§ Task:
Copy out each line of the material exactly. Pictures do not belong in the copy.

§ Data:

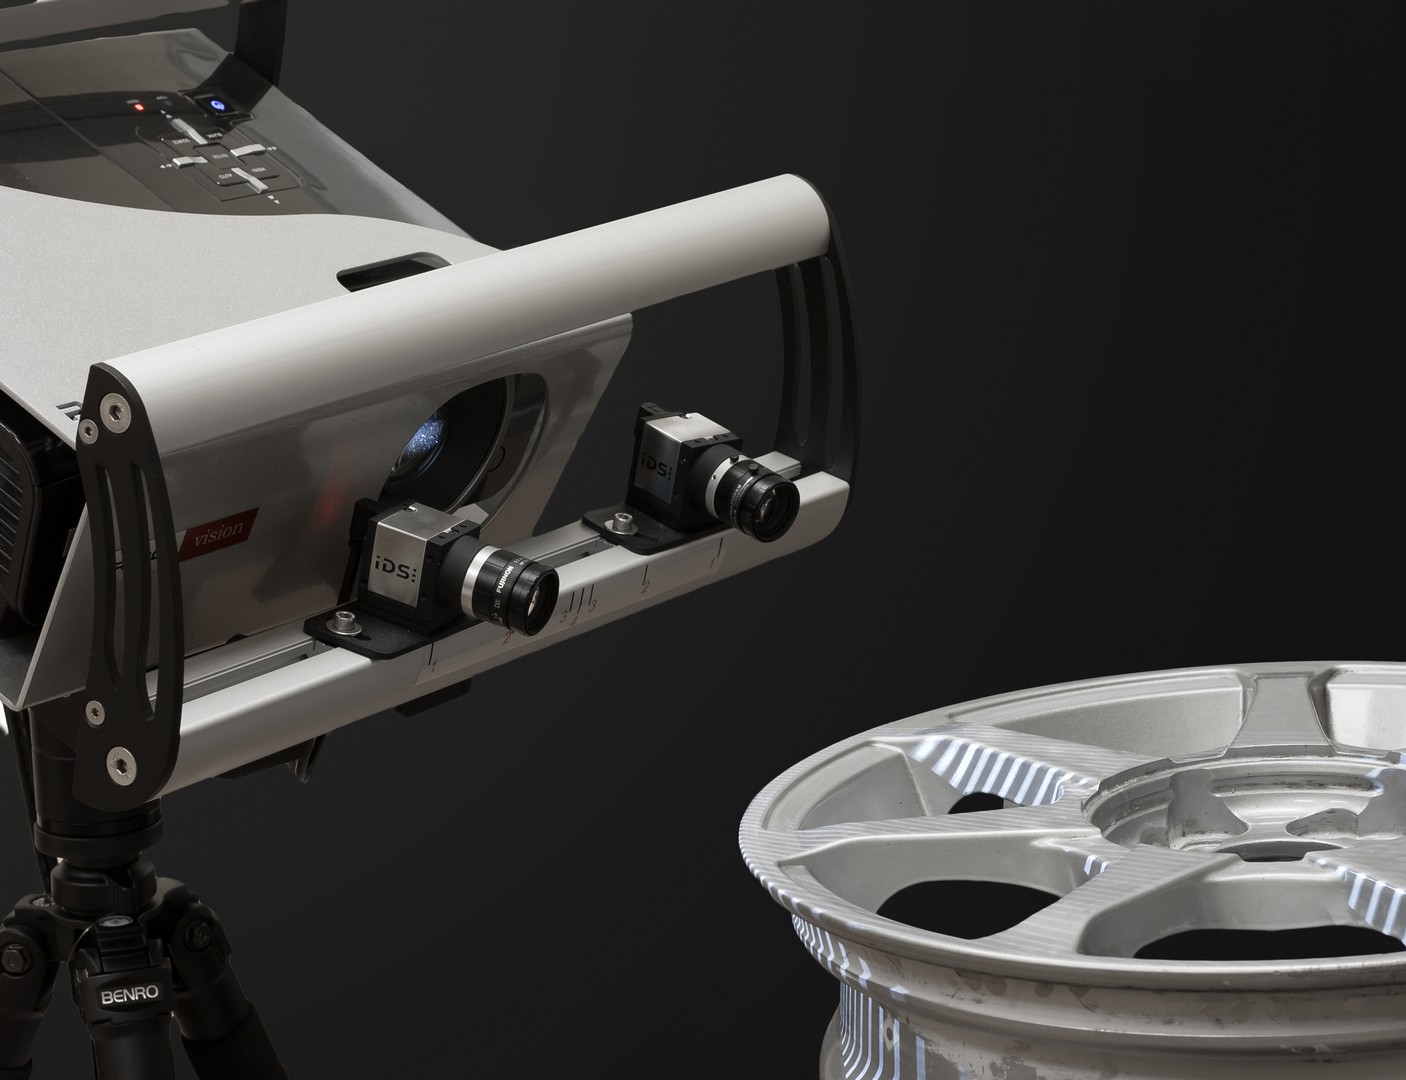 картинка 3D сканер RangeVision (Standard) Интернет-магазин «3DTool»
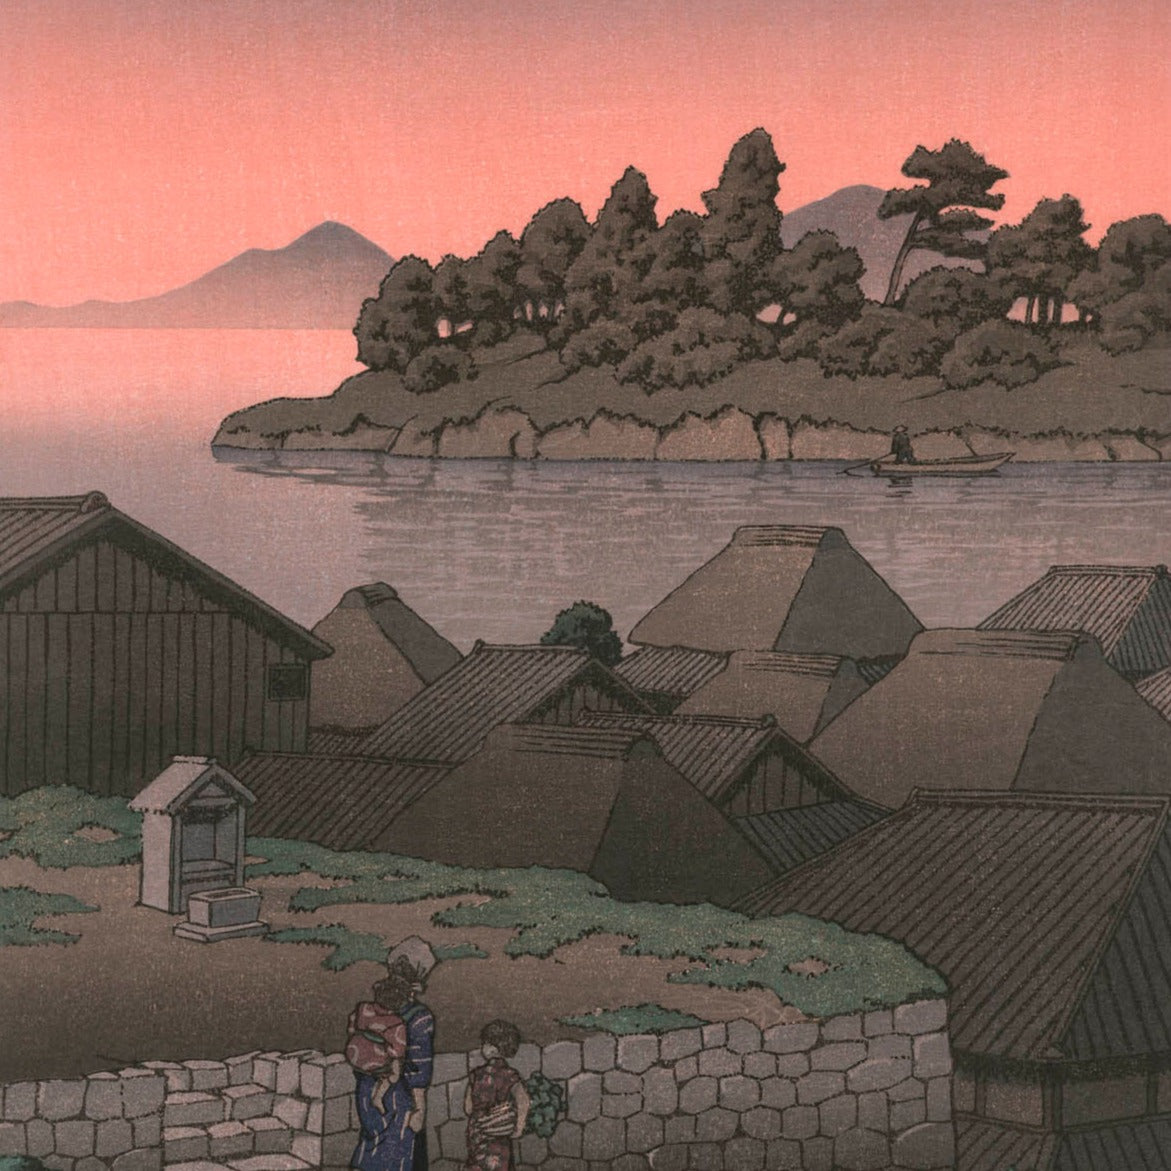 estampe japonaise paysage lever de soleil sur lac avec village et deux personnage au premier plan
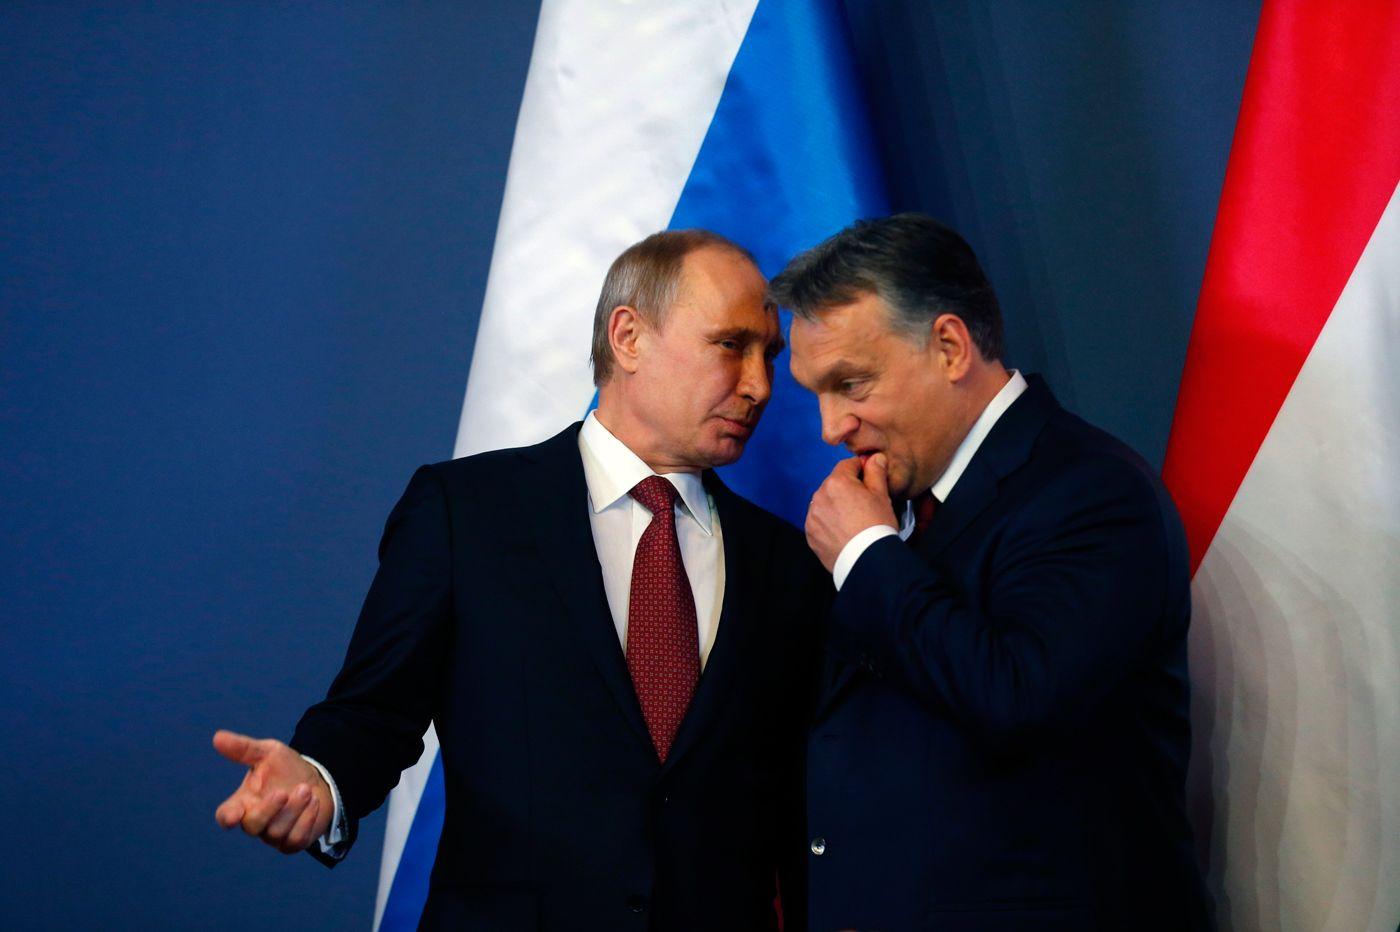 Газ, АЭС и санкции. Венгерский эксперт – о том, что стоит за встречей Путина и Орбана

§ Exercise response:
 картинка 3D сканер RangeVision (Standard) Интернет-магазин «3DTool»
 estampe japonaise paysage lever de soleil sur lac avec village et deux personnage au premier plan
 Газ, АЭС и санкции. Венгерский эксперт – о том, что стоит за встречей Путина и Орбана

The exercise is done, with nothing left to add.